* [Information]
= Beginning of Section =

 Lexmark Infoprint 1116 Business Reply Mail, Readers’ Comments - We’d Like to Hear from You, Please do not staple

= End of Section =
= Beginning of Section =

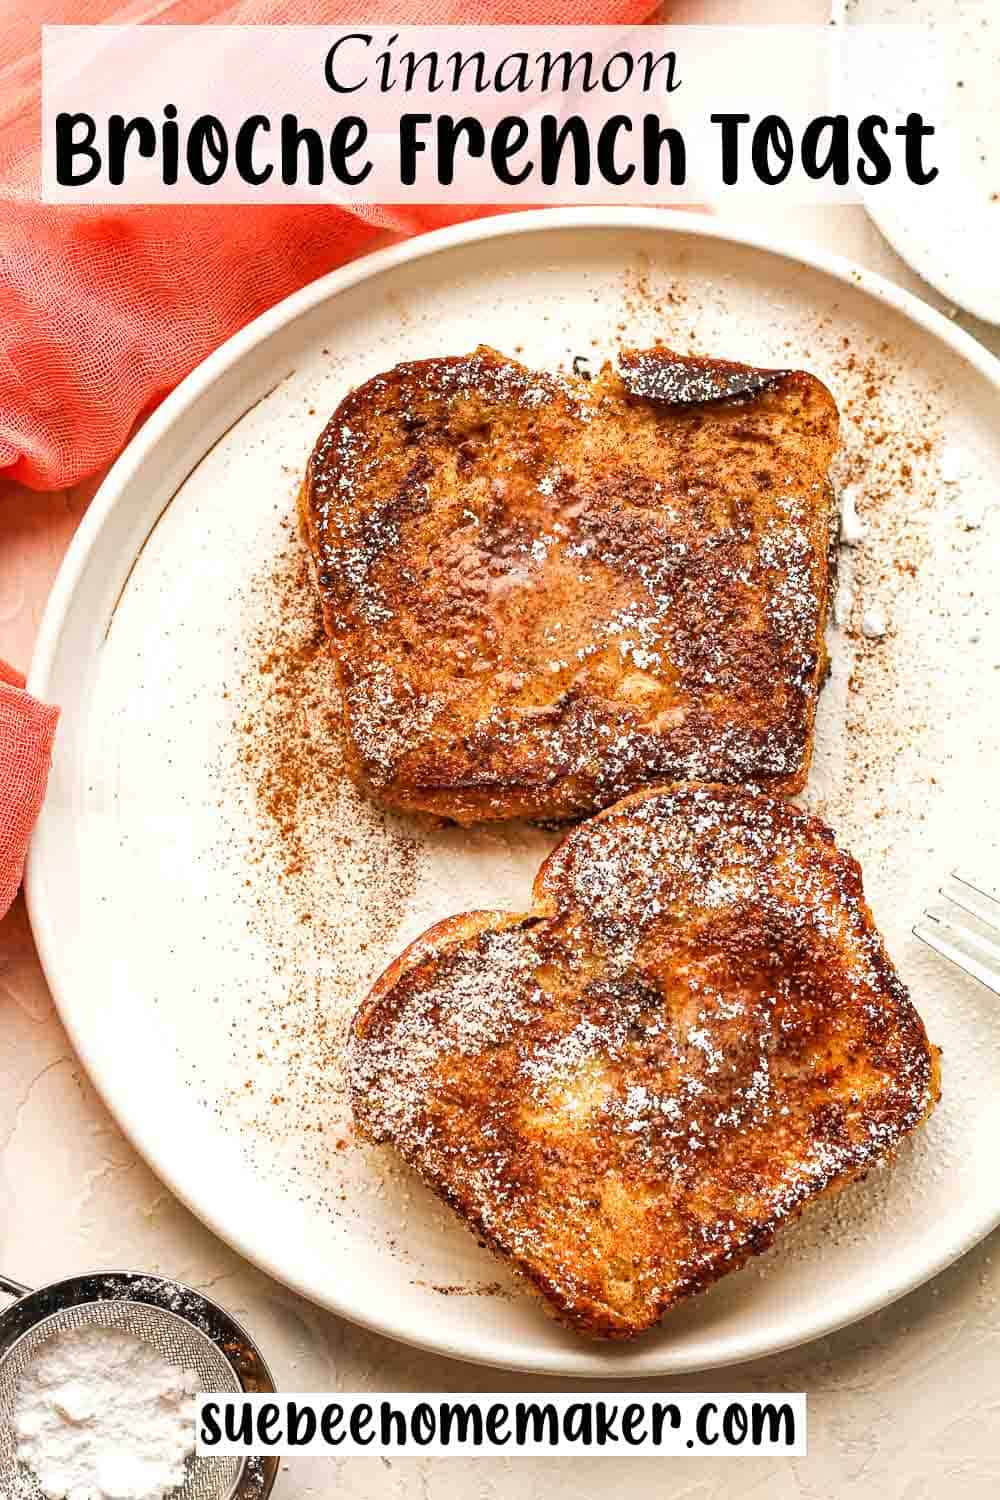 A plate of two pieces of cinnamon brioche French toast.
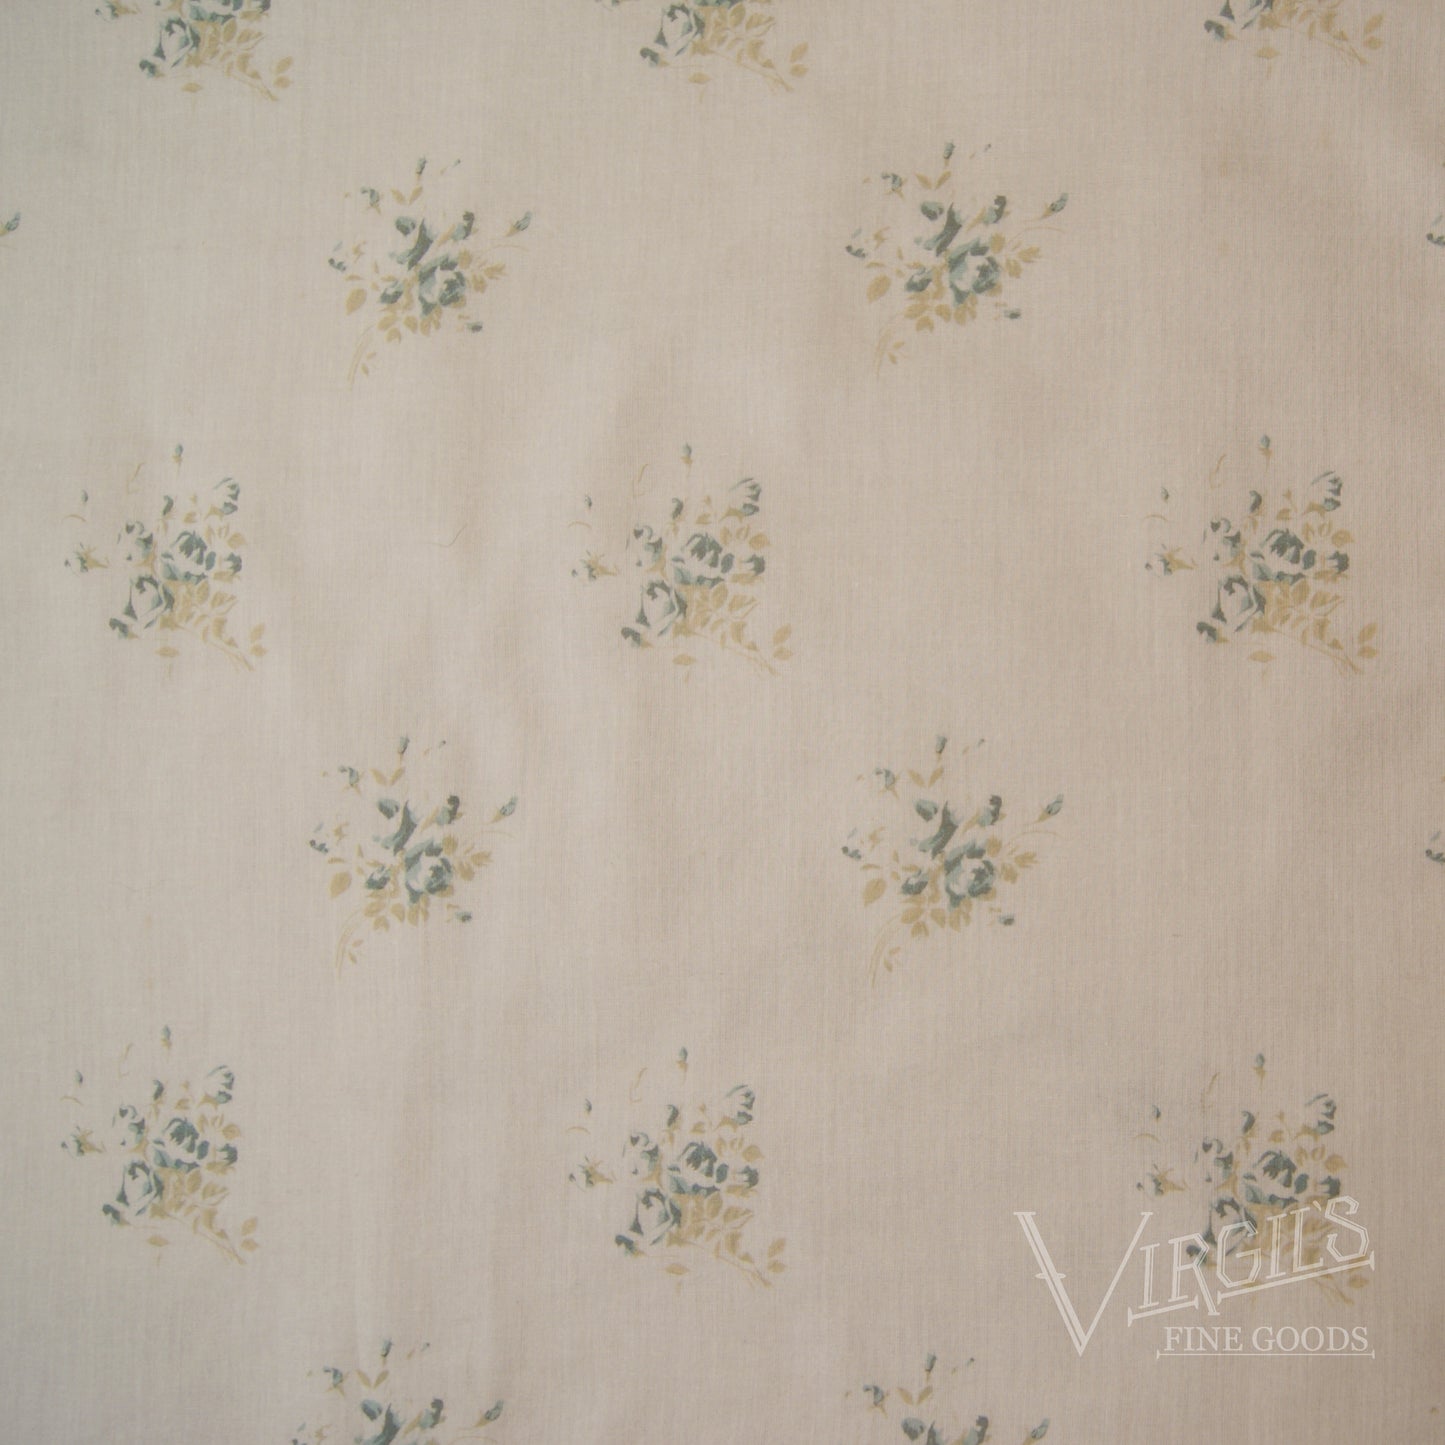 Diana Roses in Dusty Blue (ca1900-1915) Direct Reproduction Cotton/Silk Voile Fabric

= End of Section =

* [Instructions to follow] Nothing outside the stretch above, from the line with "A plate of two" through the line with "Diana Roses in", is set down. Transcribe that stretch exactly, ends included, but not its pictures.

* [Solution to this problem]
 A plate of two pieces of cinnamon brioche French toast.
 Diana Roses in Dusty Blue (ca1900-1915) Direct Reproduction Cotton/Silk Voile Fabric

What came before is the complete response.